> **INFORMATION SHOWN**:
-- Opening Marker --
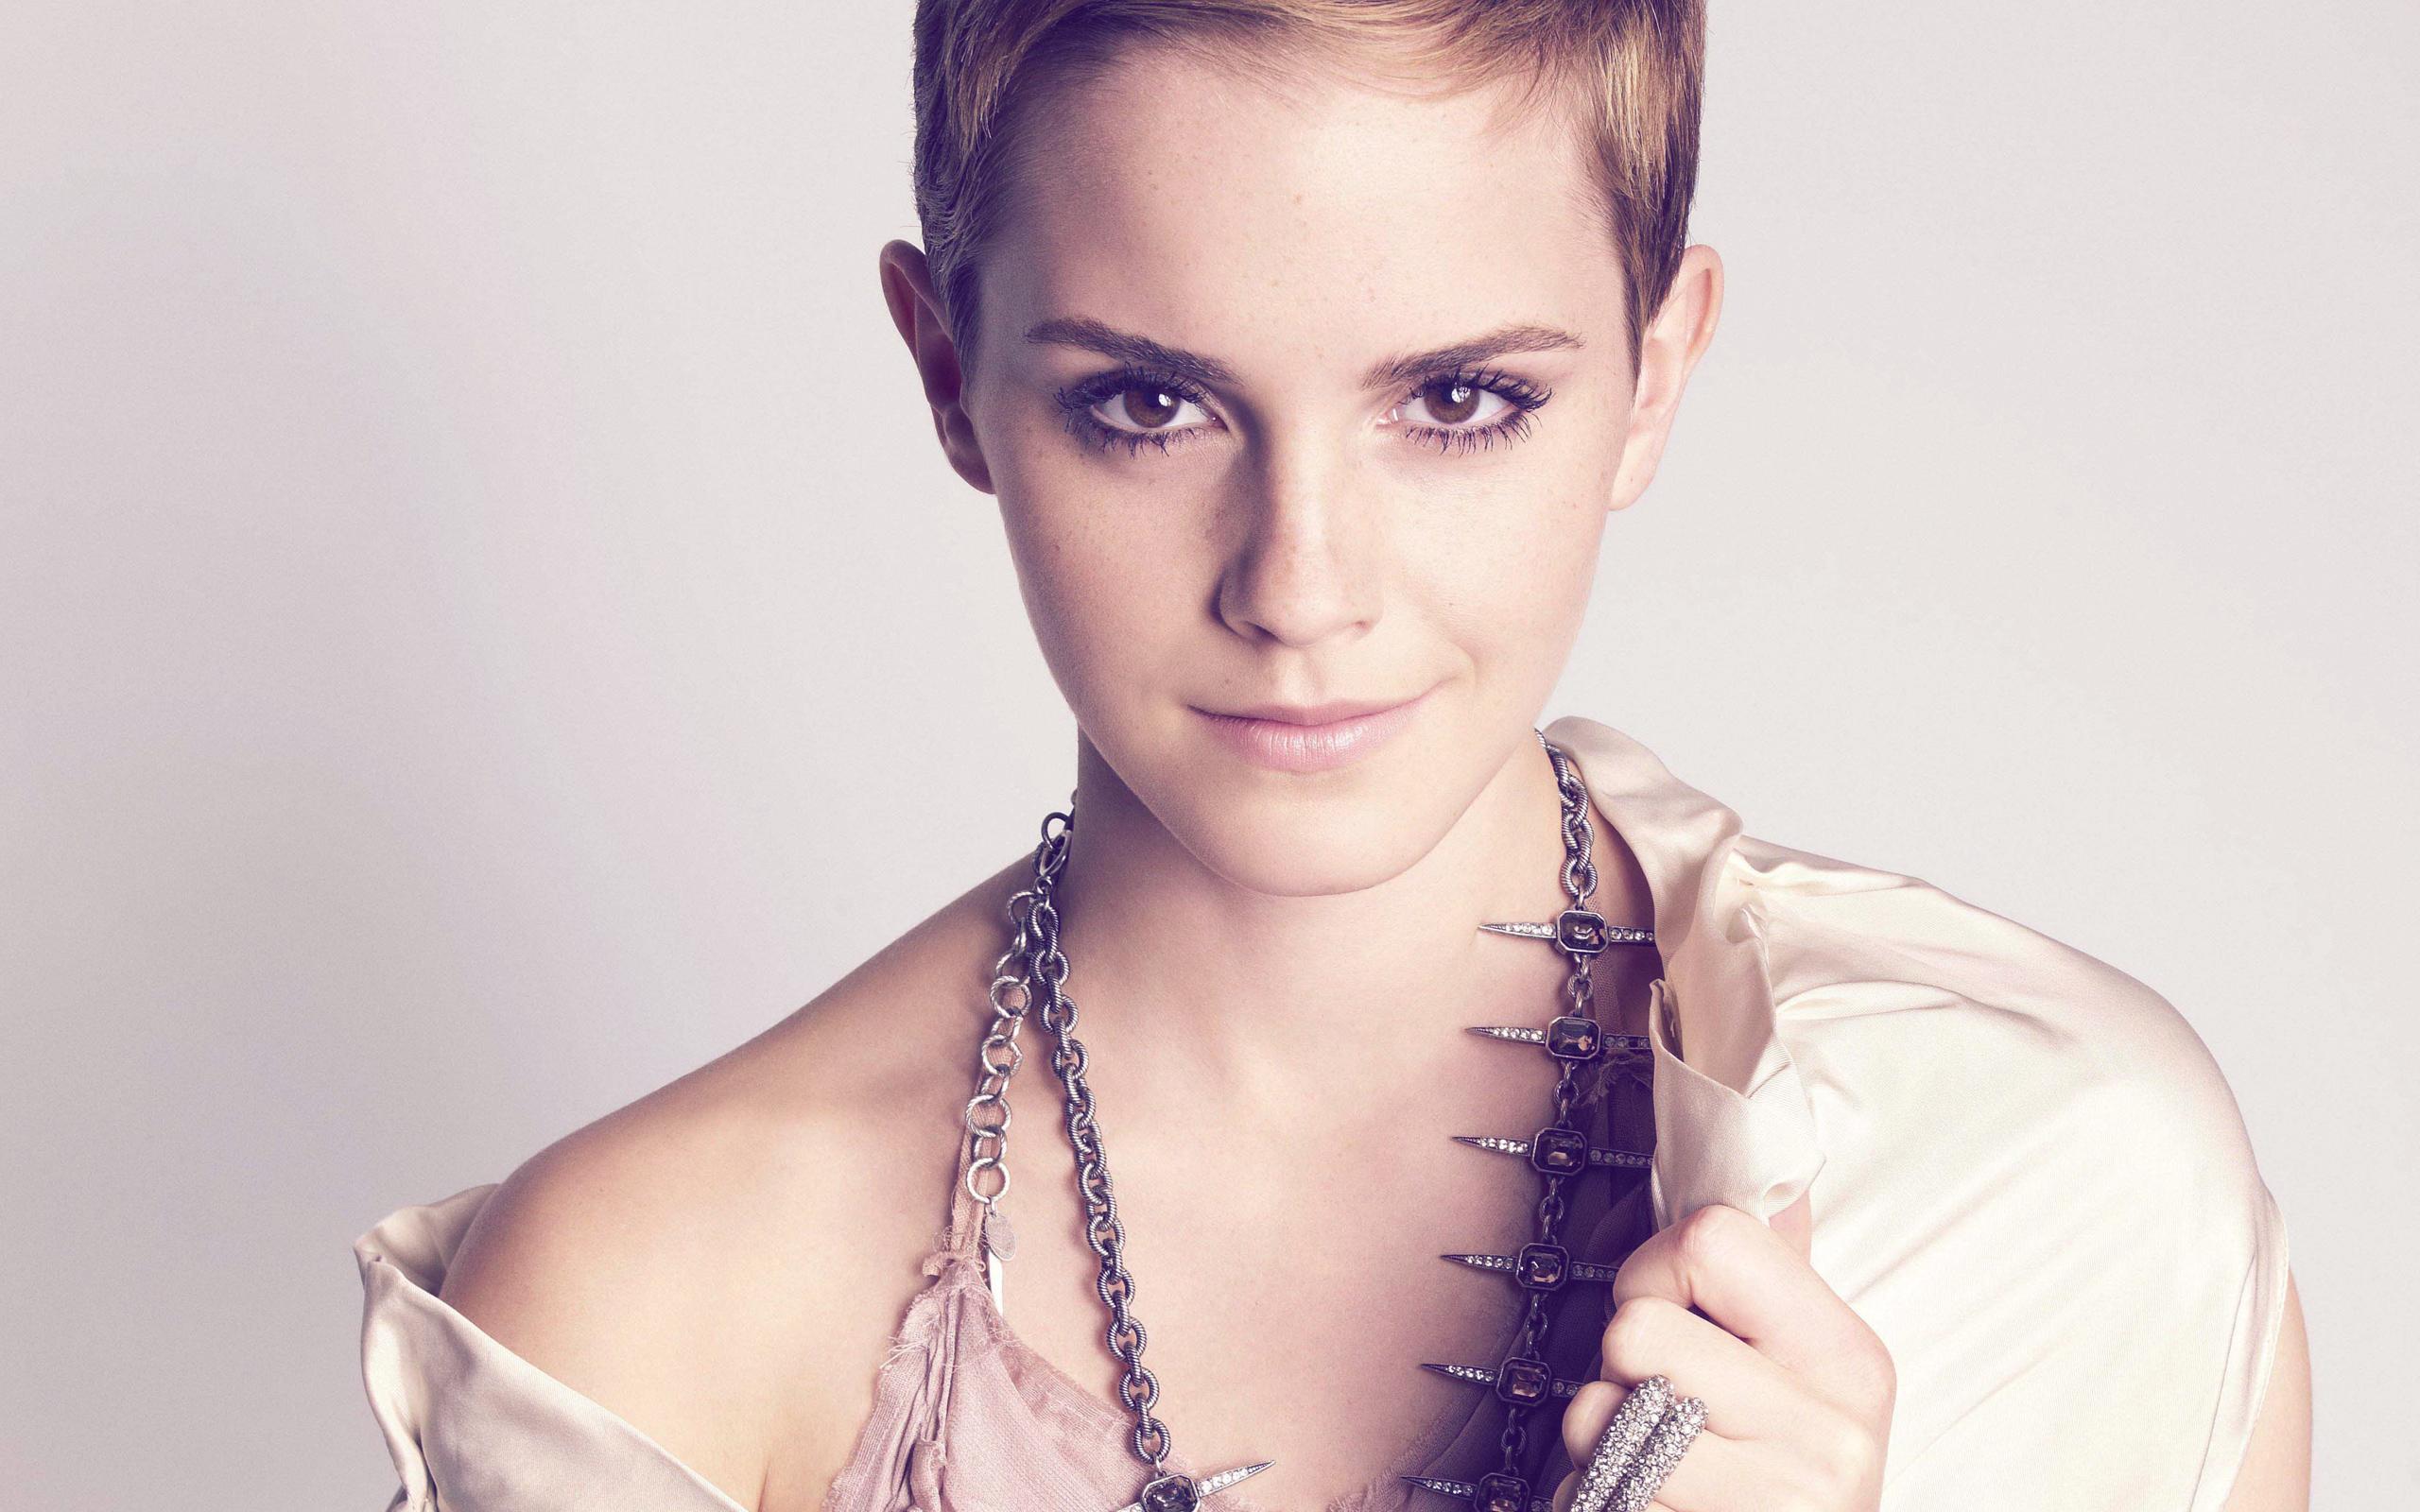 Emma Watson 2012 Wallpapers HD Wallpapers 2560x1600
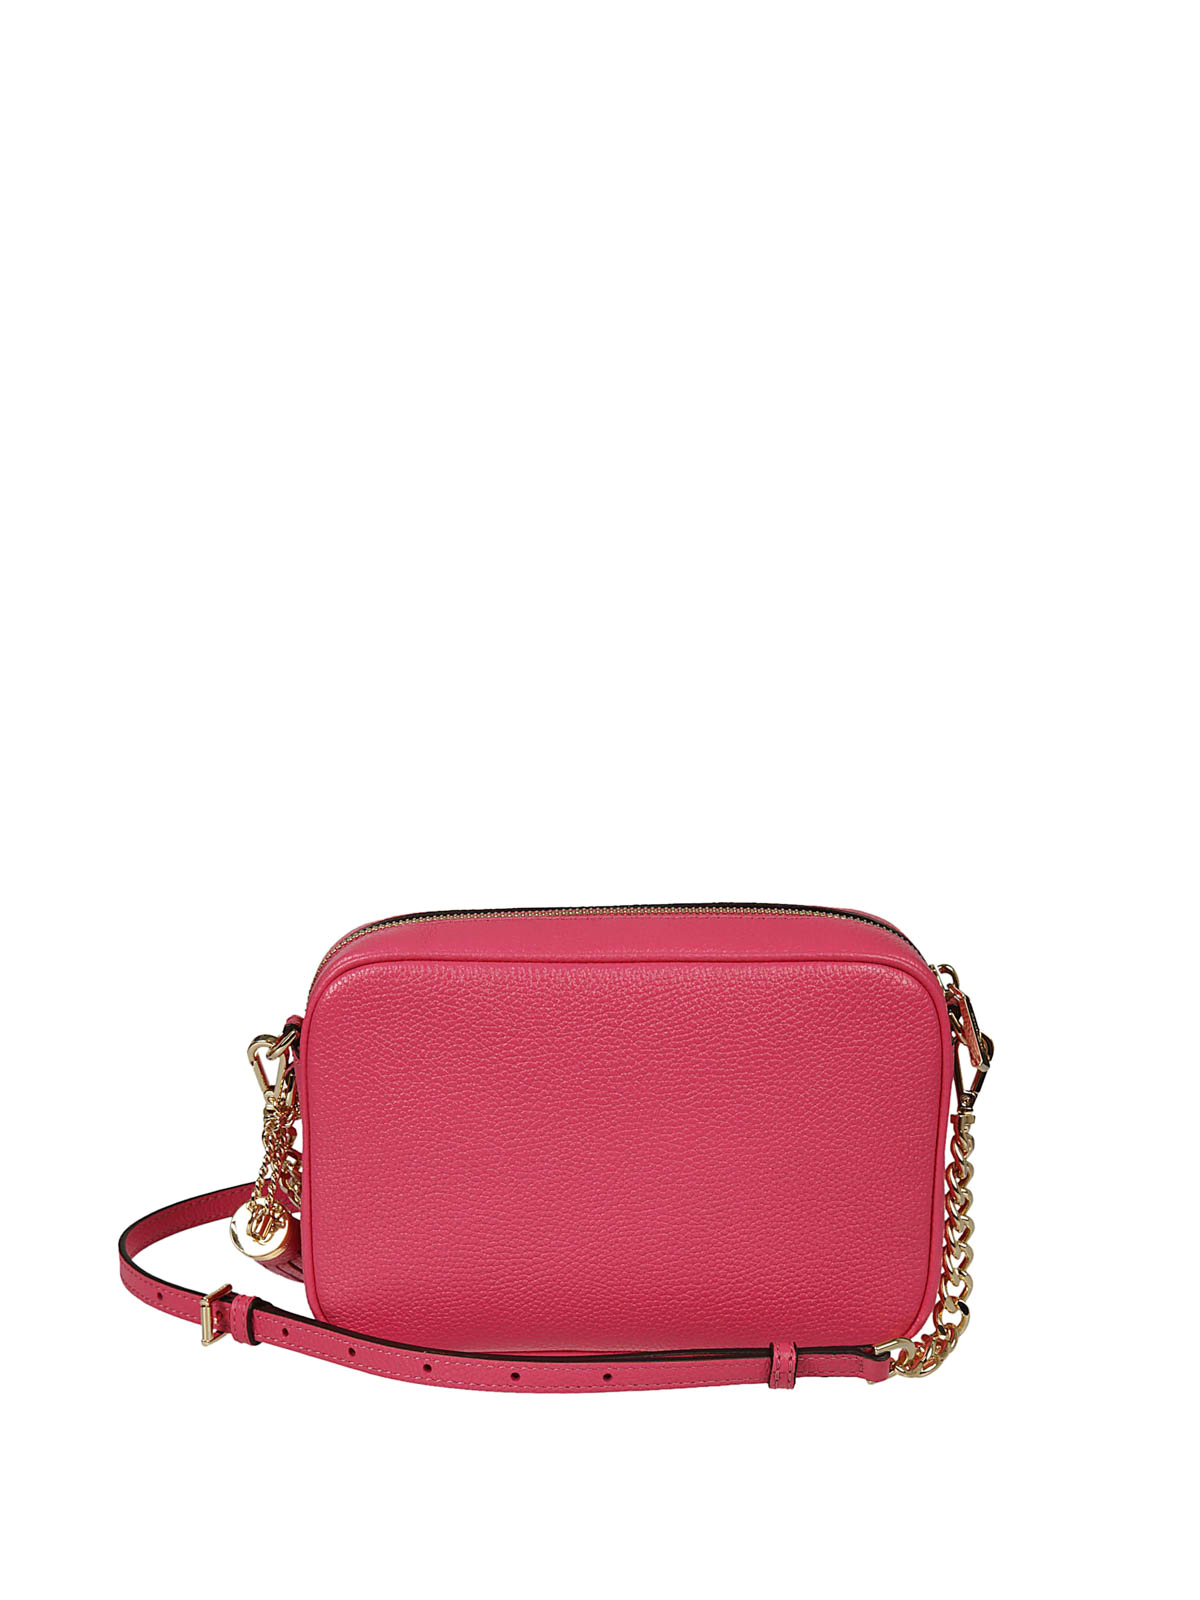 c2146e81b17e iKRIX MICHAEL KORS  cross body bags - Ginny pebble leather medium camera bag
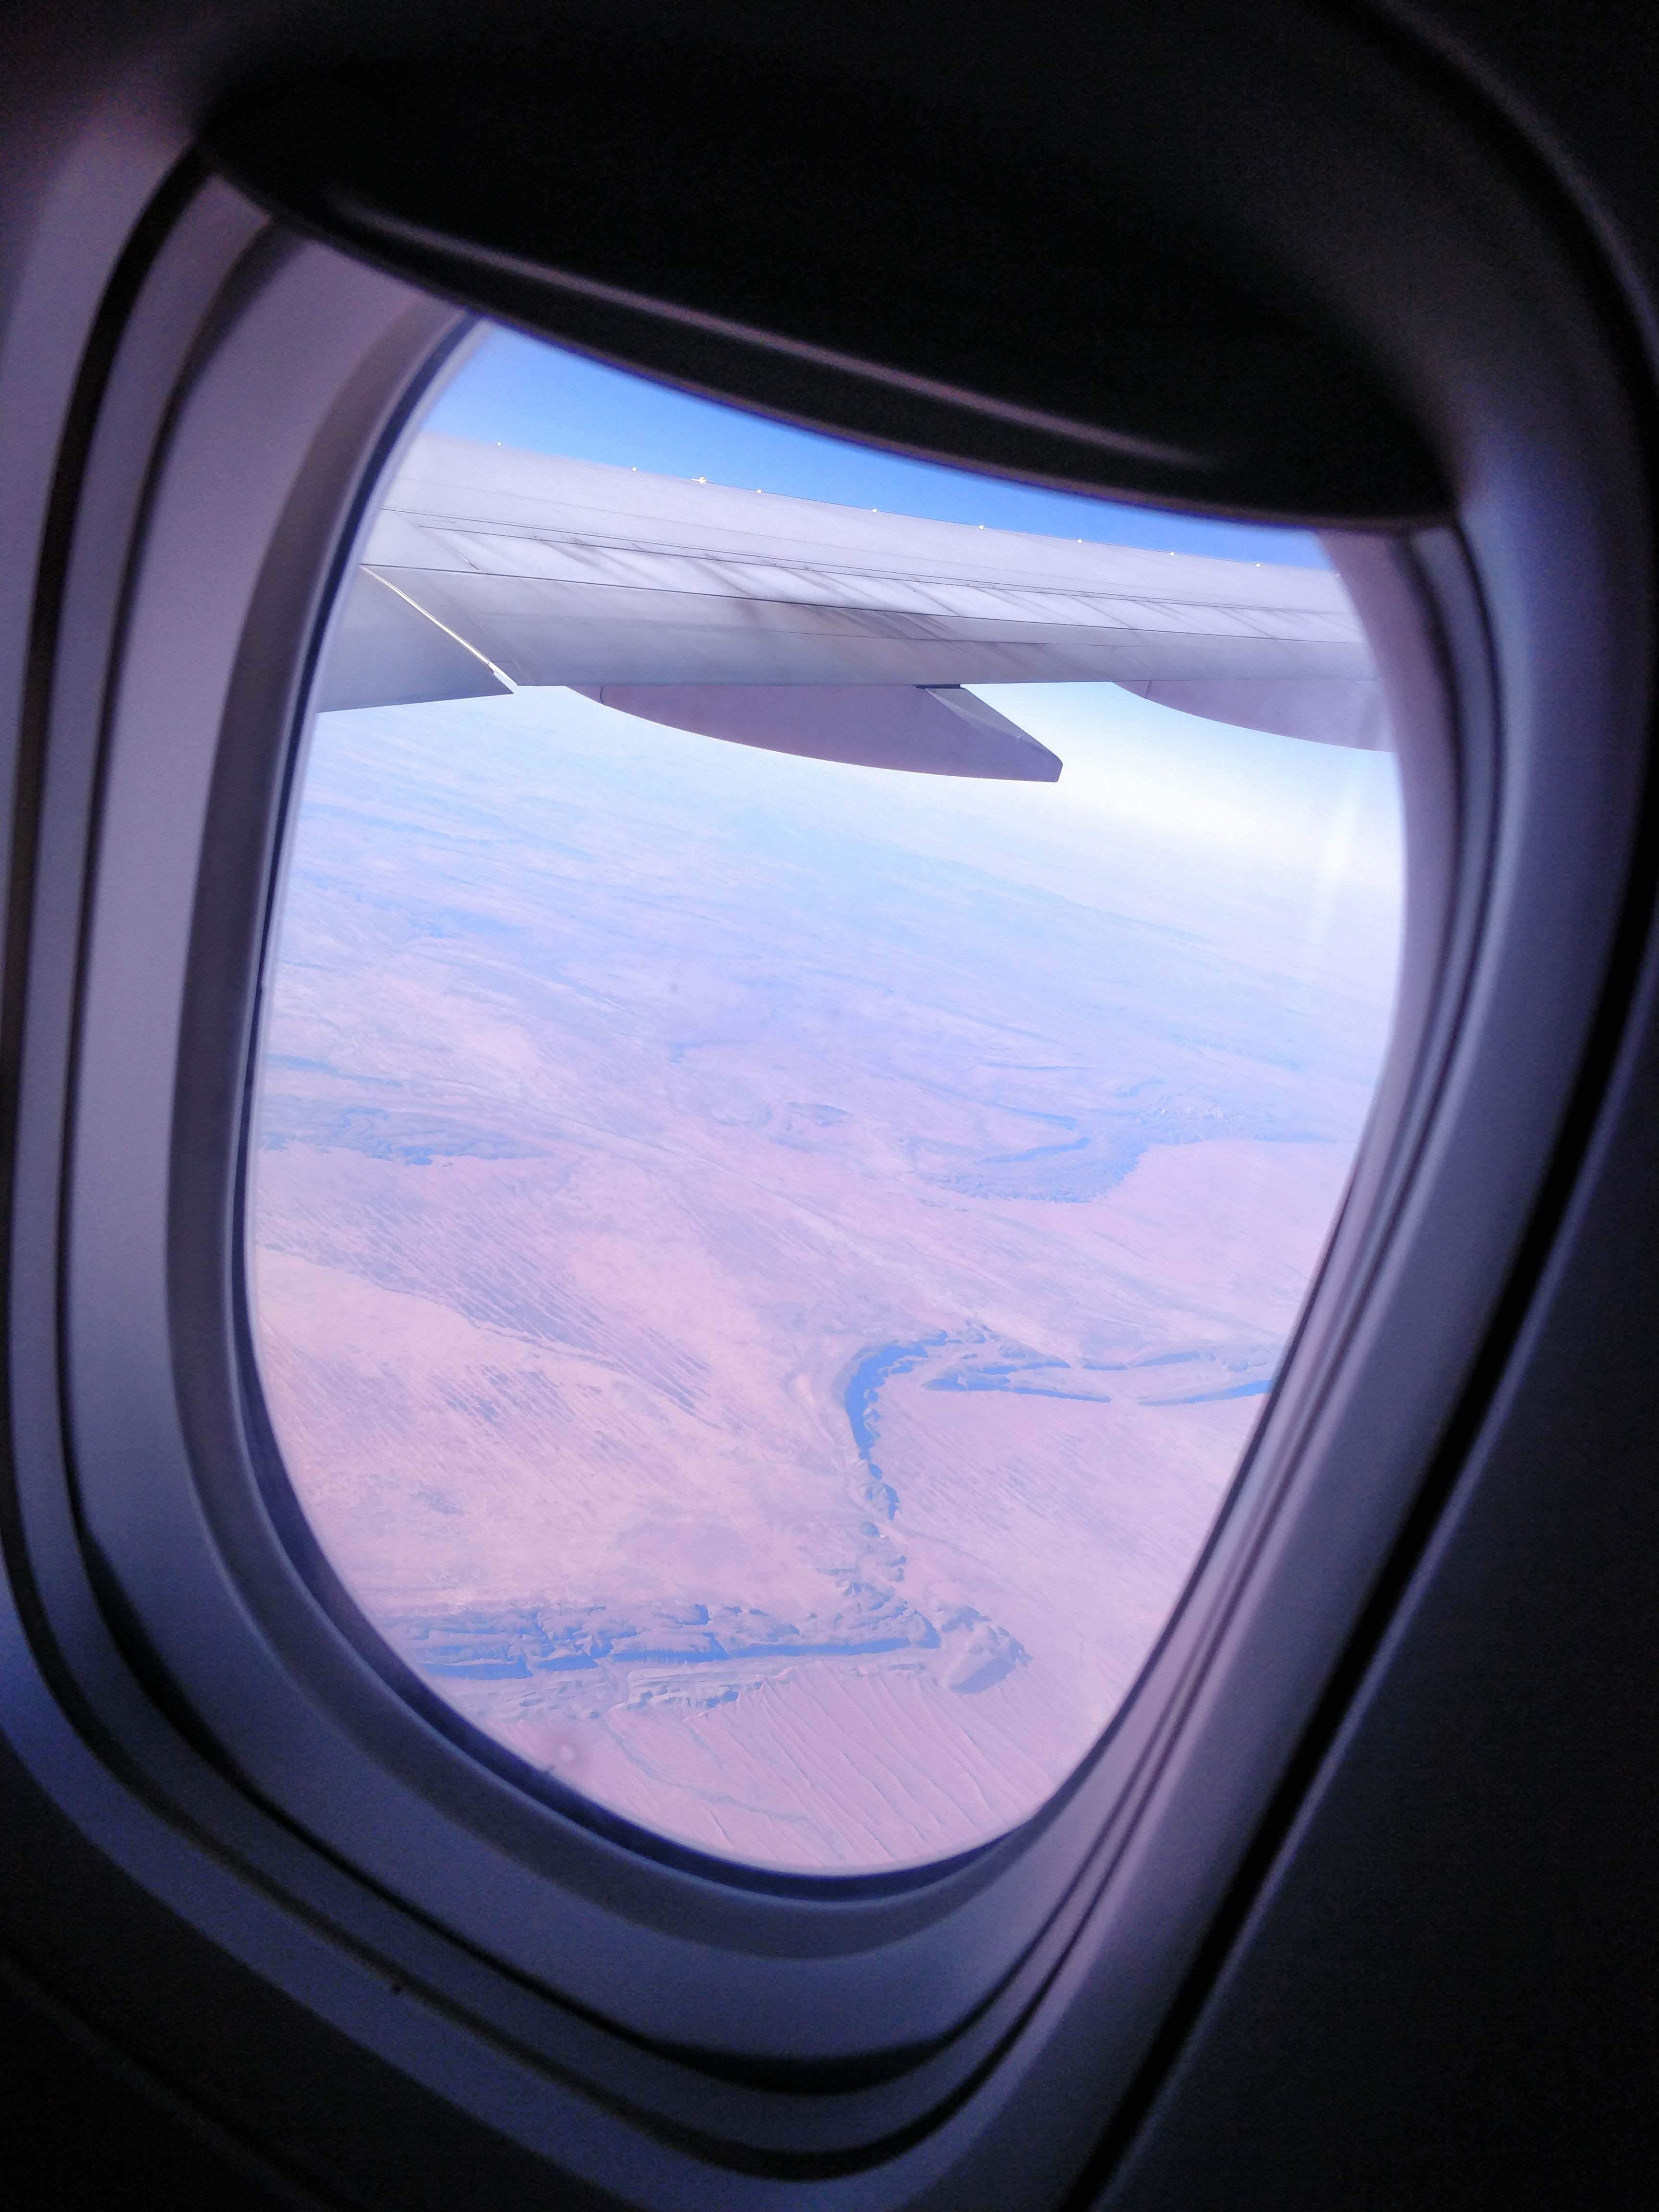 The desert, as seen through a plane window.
-- Closing Marker --
> **YOUR GOAL**: Would you repeat the listing word for word and skip every picture?

> **ANSWER TO THIS EXERCISE**:
 Emma Watson 2012 Wallpapers HD Wallpapers 2560x1600
 c2146e81b17e iKRIX MICHAEL KORS  cross body bags - Ginny pebble leather medium camera bag
 The desert, as seen through a plane window.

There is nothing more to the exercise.